Все работало прекрасно, я «привязал» все наземные станции (раз в сутки они сменяли позывные), «забодал» несколько разведчиков, в общем, все шло в нормальном режиме. Всем постам присвоили для связи позывные. Мой, как сейчас помню, был «Терек».
          В кунге не было окон и было душно. Приходилось включать мощнейший вентилятор, вмонтированный в борт рядом с моим постом у выхода. После первого включения со всех столов сдуло бумаги, но и, отрегулировав направление потока урагана, легче не становилось. Вентилятор работал в двух режимах: слабом и сильном. В слабом режиме он гудел как самолет, так, что заглушал эфир, а в сильном находиться в кунге было вообще невозможно. Наверное он был предназначен для танка. Приходилось включать его лишь на пару минут. Смена прошла отлично, я сменился, пообедал и лег спать. Был замечательный безоблачный летний день и мы даже не знали, что над нашей страной нависла серьезная опасность.

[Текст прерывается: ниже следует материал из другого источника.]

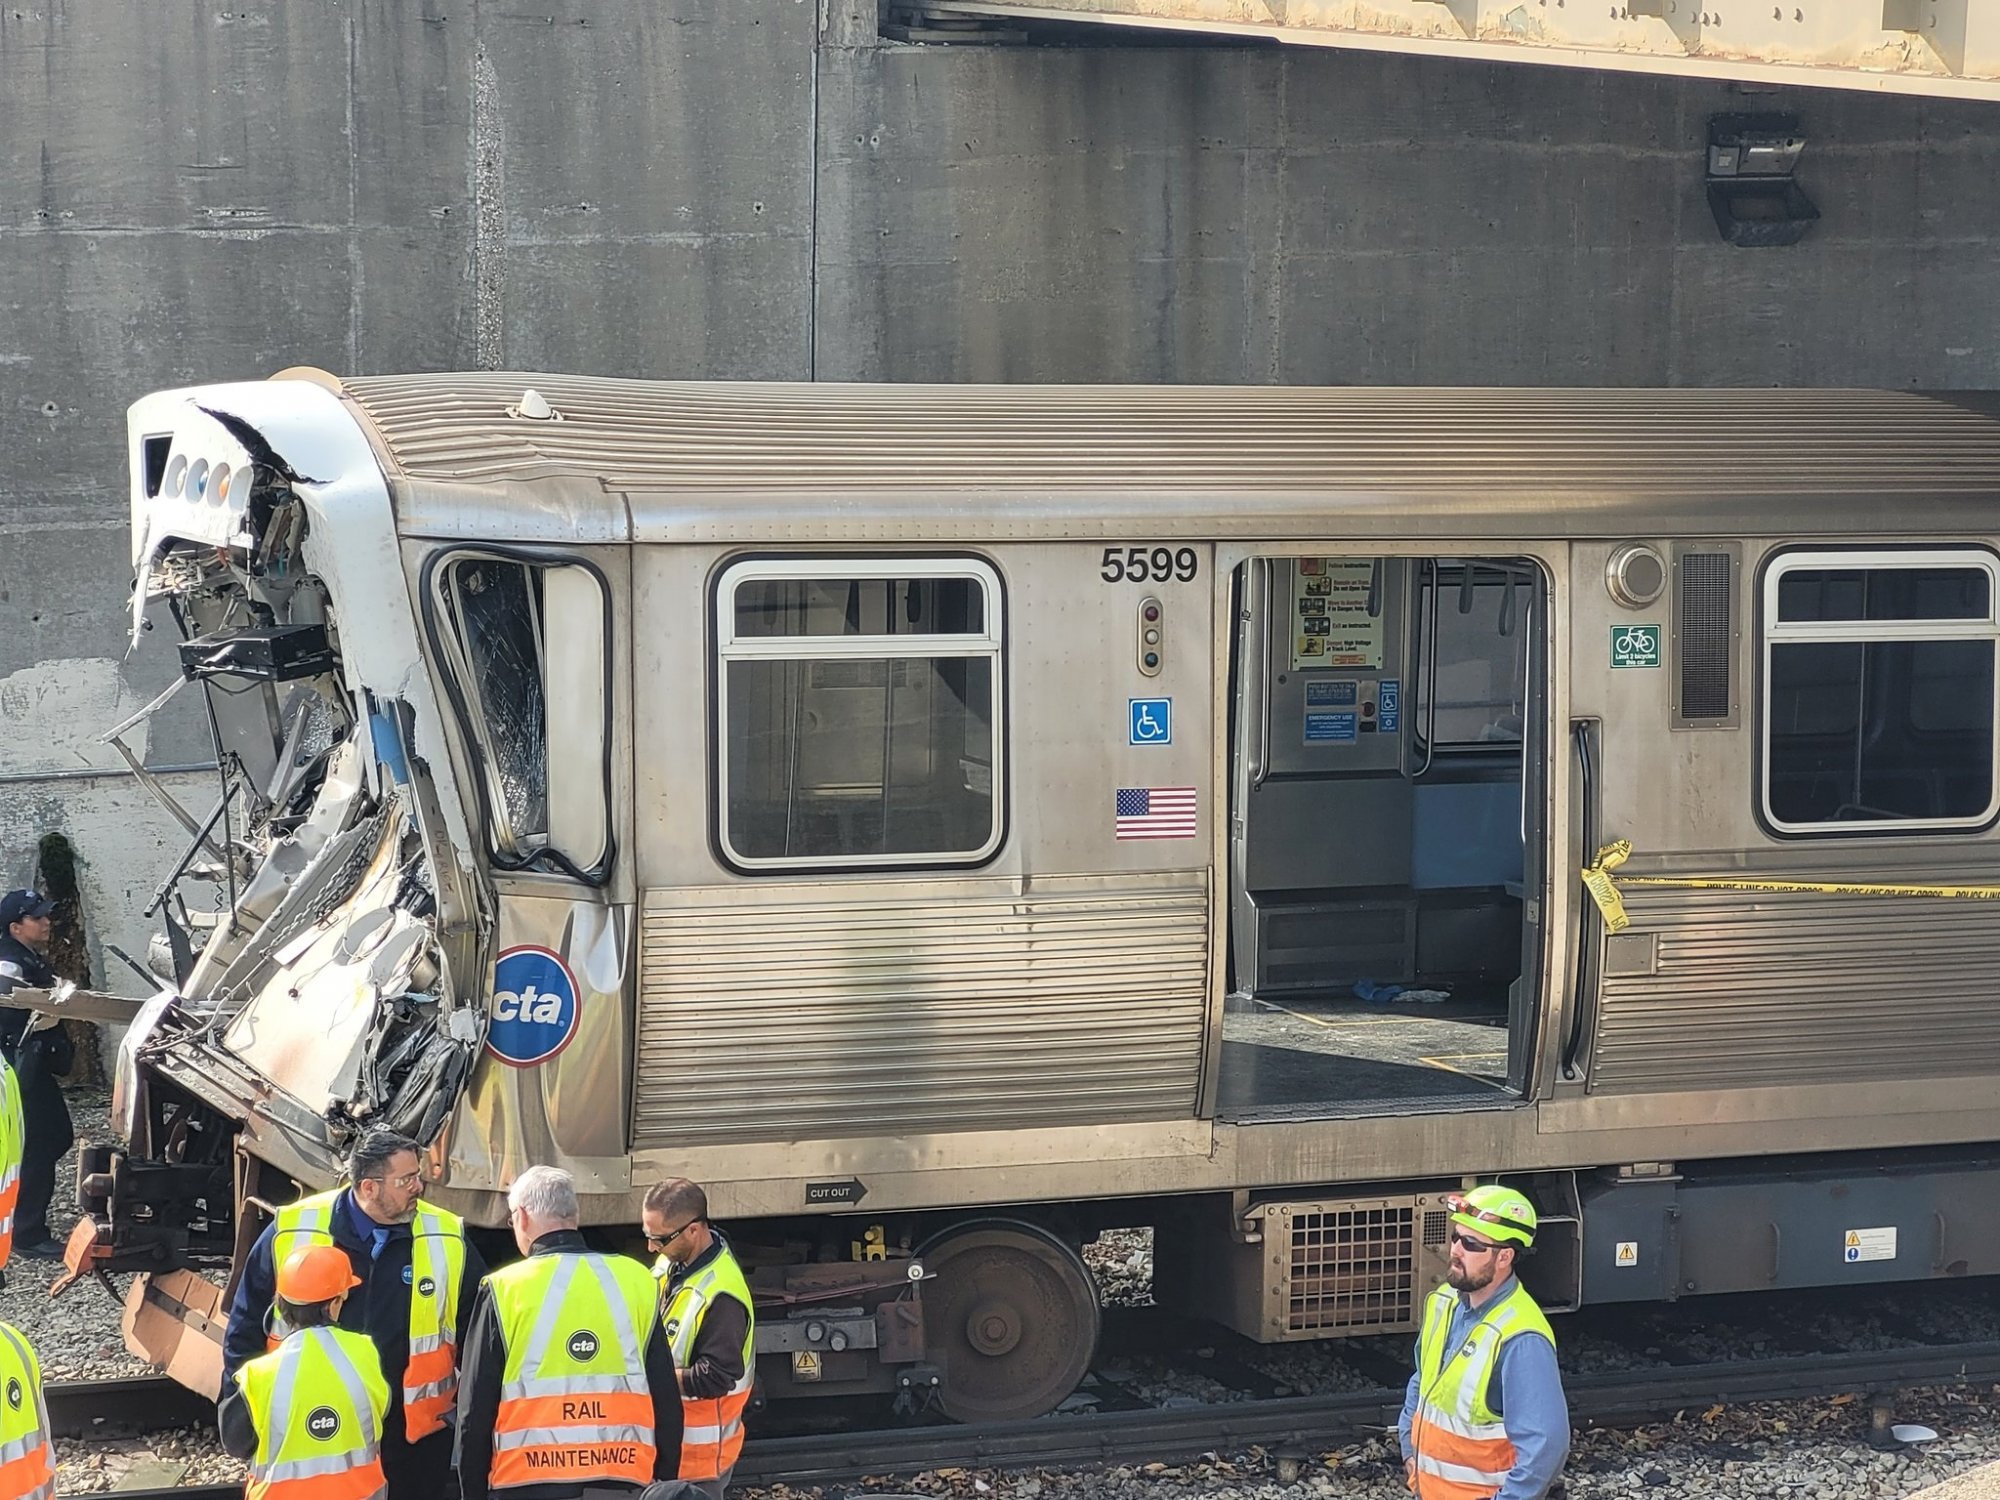 ΗΠΑ: Σιδηροδρομικό ατύχημα σοκ στο Σικάγο - 38 τραυματίες

          Я проснулся в 19-00 и повел смену на ужин. Все было как обычно, мы наполнили котелки и расселись под деревьями посмотреть телевизор. Сначала я ни чего не понял. В стране введено чрезвычайное положение. Создан ГКЧП. И что это все значит? Мы пошли на смену, я сразу настроился на «Голос Америки» и все стало понятно: в стране переворот, Горбачев свергнут, а в Москву введены войска! Это было непостижимо! Сейчас вряд ли бы я был столь удивлен такому событию, но тогда, в Советском Союзе, переворот! Мы сидели в машине и слушали радио. Ночью к нам в кунг пришли наши ребята из патруля, те что заступили в наряд. Мы сидели, включив светомаскировочное освещение и рассуждали вполголоса, к чему это все приведет и на чьей стороне нам отведут роль находиться. Пришел НС,  выгнал патруль и сказал, что все может произойти, по этому, о любом непонятном выходе в эфир немедленно докладывать ему. В ту ночь нам не хотелось спать и мы, просидели до конца смены в разговорах. 

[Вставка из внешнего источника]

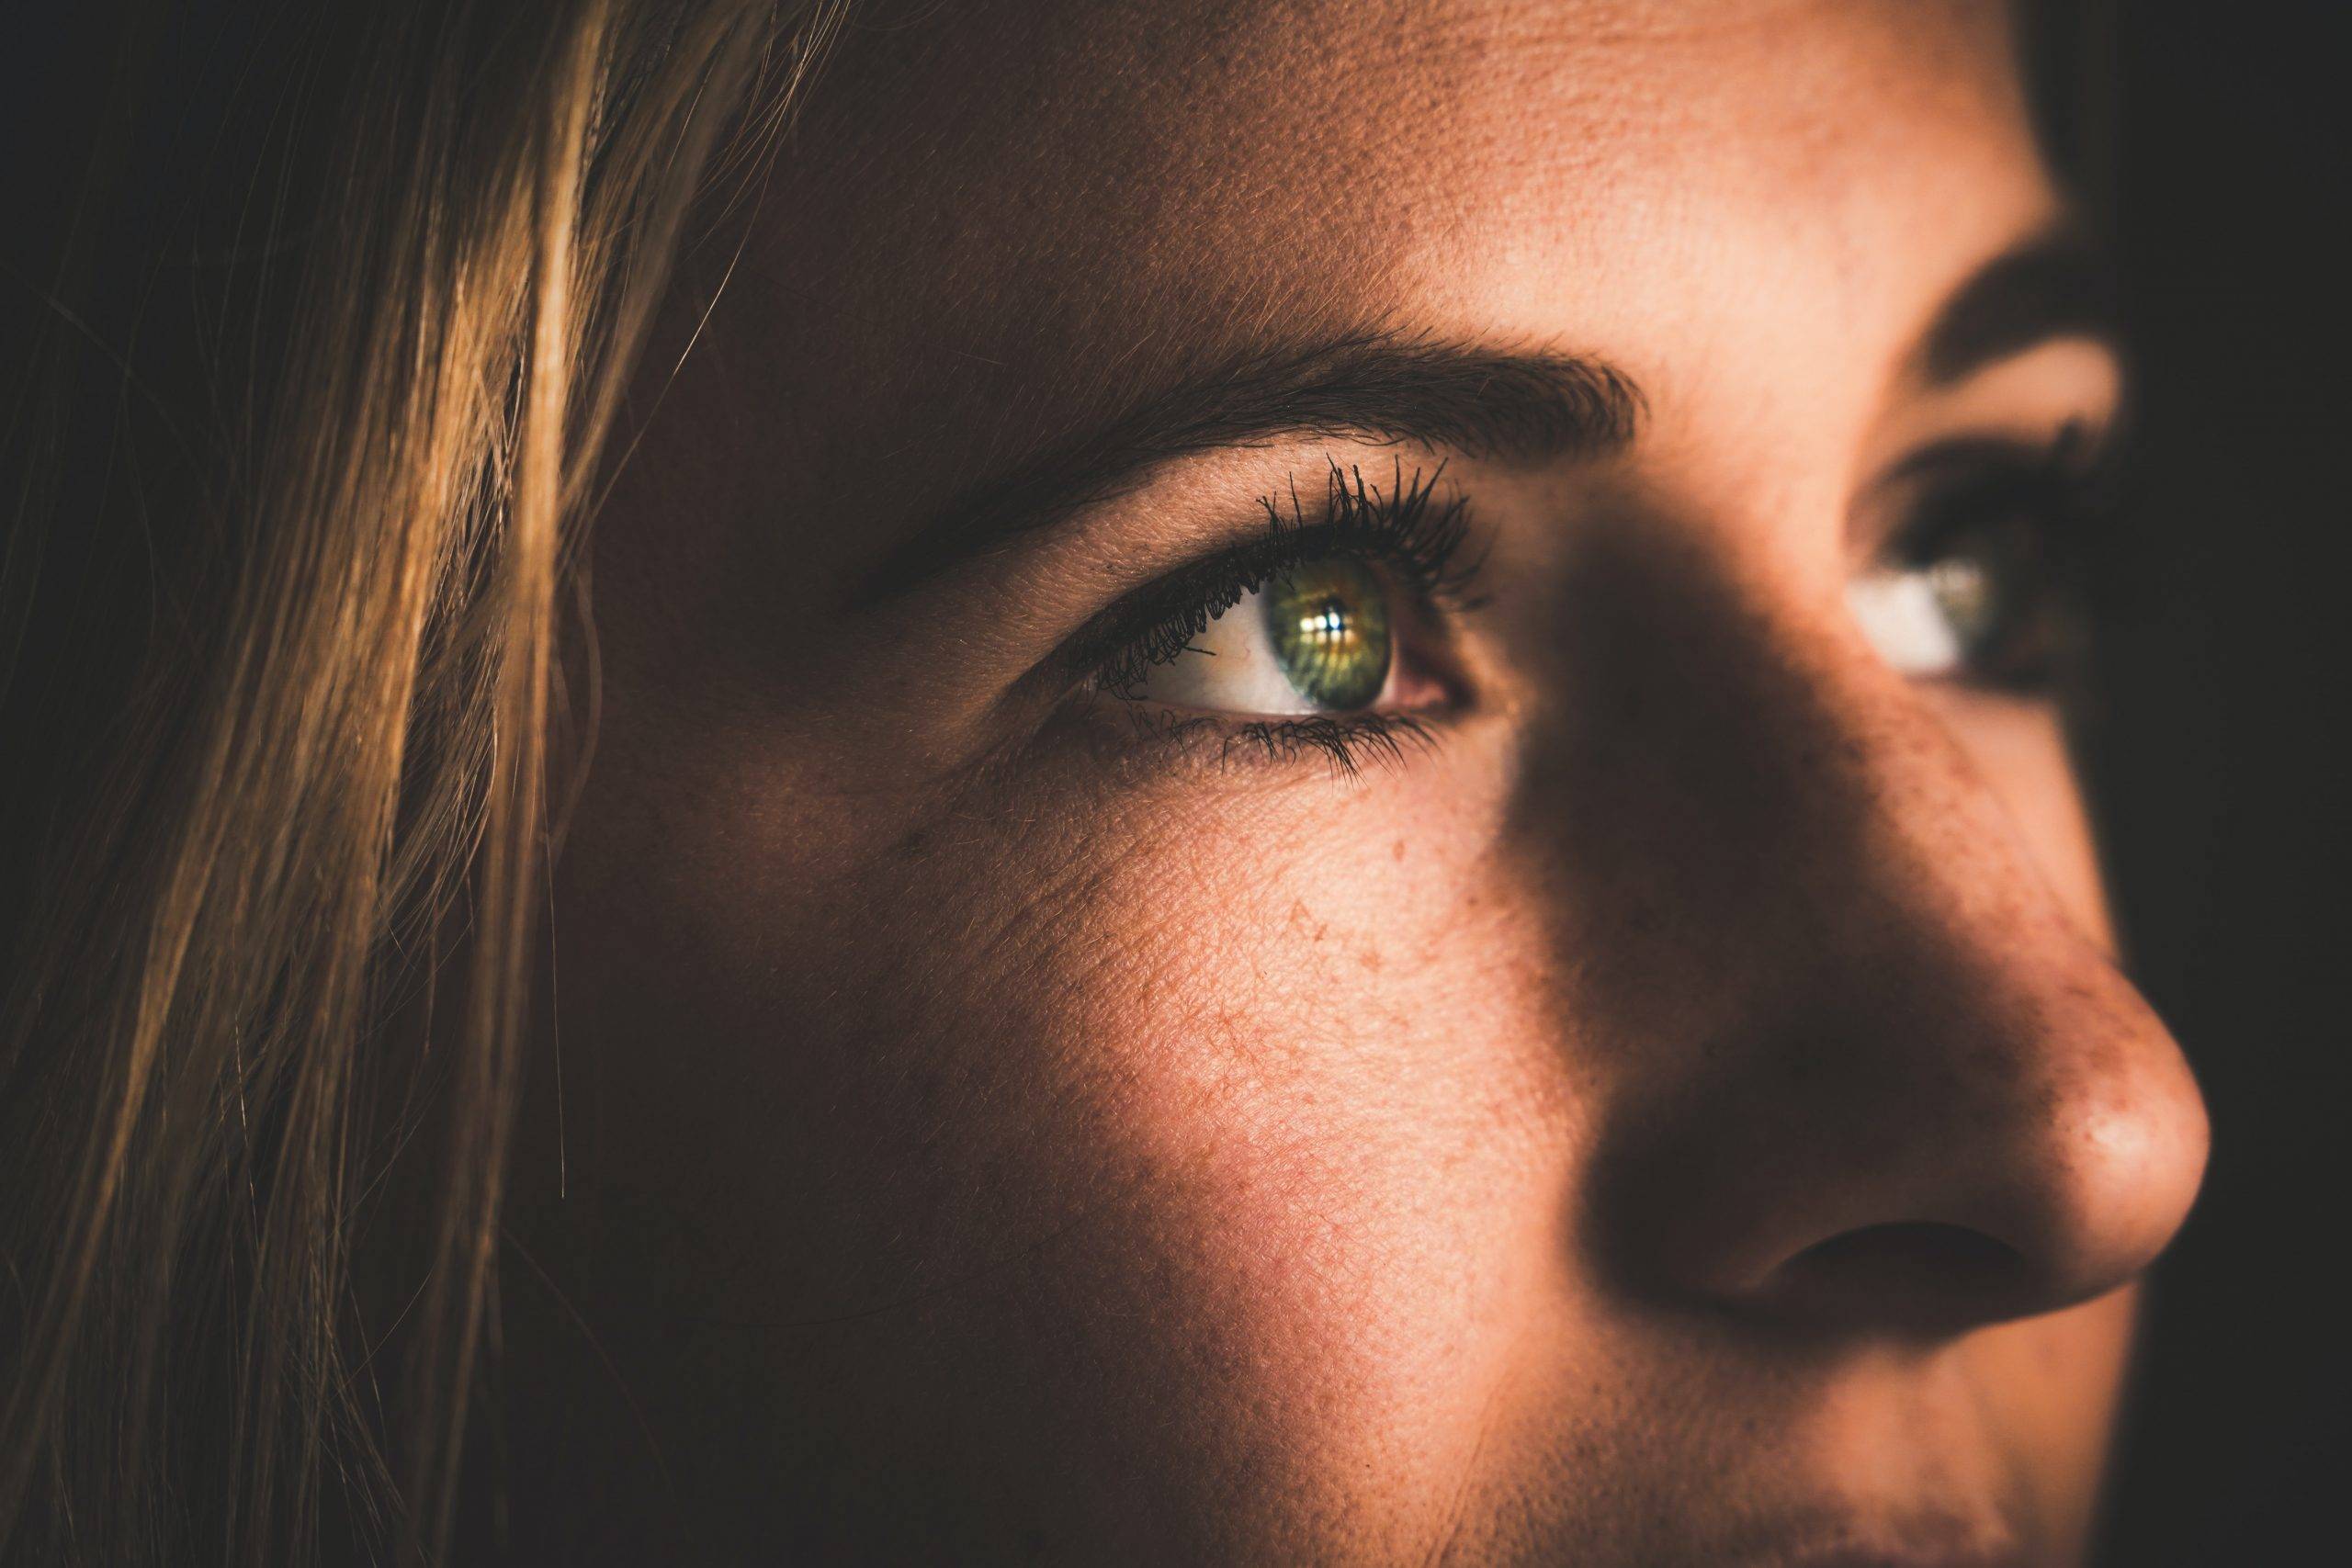 Sfaturi pentru femei: Ce machiaj pentru ochii verzi?

          Утром было произведено построение свободных от смен и объявлено особое положение. Я на построении не присутствовал и не знаю, что это было за особое положение, только у нас ни чего от этого не изменилось. Мой сменщик дико тупил, и мне приходилось в пересменок ему постоянно что-то объяснять и рассказывать, но толку было мало. Я выспался за утро и отсидев с 14 до 20 снялся с дежурства. Обстановка в стране не улучшалась, чем все кончится было непонятно.  Я волновался за своих дома. Что там, в Воронеже, нам было неизвестно. Вечером пораньше я пошел спать. Вдруг среди ночи, часа в два, меня растолкал наш взводный: «Там, - говорит- у тебя кто-то летает, сменщик «урылся» и ни чего не может принять. Короче, нужно идти на пост.» Проклиная нерадивого духа я поплелся к машинам. За моим постом сидел НС, дух в растерянности стоял за его спиной. НС прокручивал кассеты. Магнитофоны не имели автоматического реверса и мы, бывало, не замечали, что одна сторона кассеты закончилась и надо ее перевернуть. Вот и наш молодой про это забыл и НС тихо материл его, понимая, что слушает старые записи. Он с облегчением уступил мне место и побежал к себе в кунг, где работал один на четырех БП постах. Действительно, натовская разведка летала насыщено. Эфир был неплохой и все, что смог, я сделал. Утром на смену мне ни кто не пришел. Взводный попросил посидеть еще с 08 до 14. Пацаны принесли мне завтрак в машину. Полный набор разведчиков кружил вдоль границ советской территории. RC-135, TR-1, с Аккротири на Кипре взлетел U-2, а над Средиземным морем рыскал
Р-3 «Орион». Потом на северо-западе появились заправщики КС-135. С поста GCCS подсказали, что в том районе барражируют звенья истребителей. В общем, ни чего особо сверх ординарного не происходило, но в  связи с нынешней обстановкой в голову лезли всякие дурные мысли. В это время в Москве уже погибали люди и жгли танки.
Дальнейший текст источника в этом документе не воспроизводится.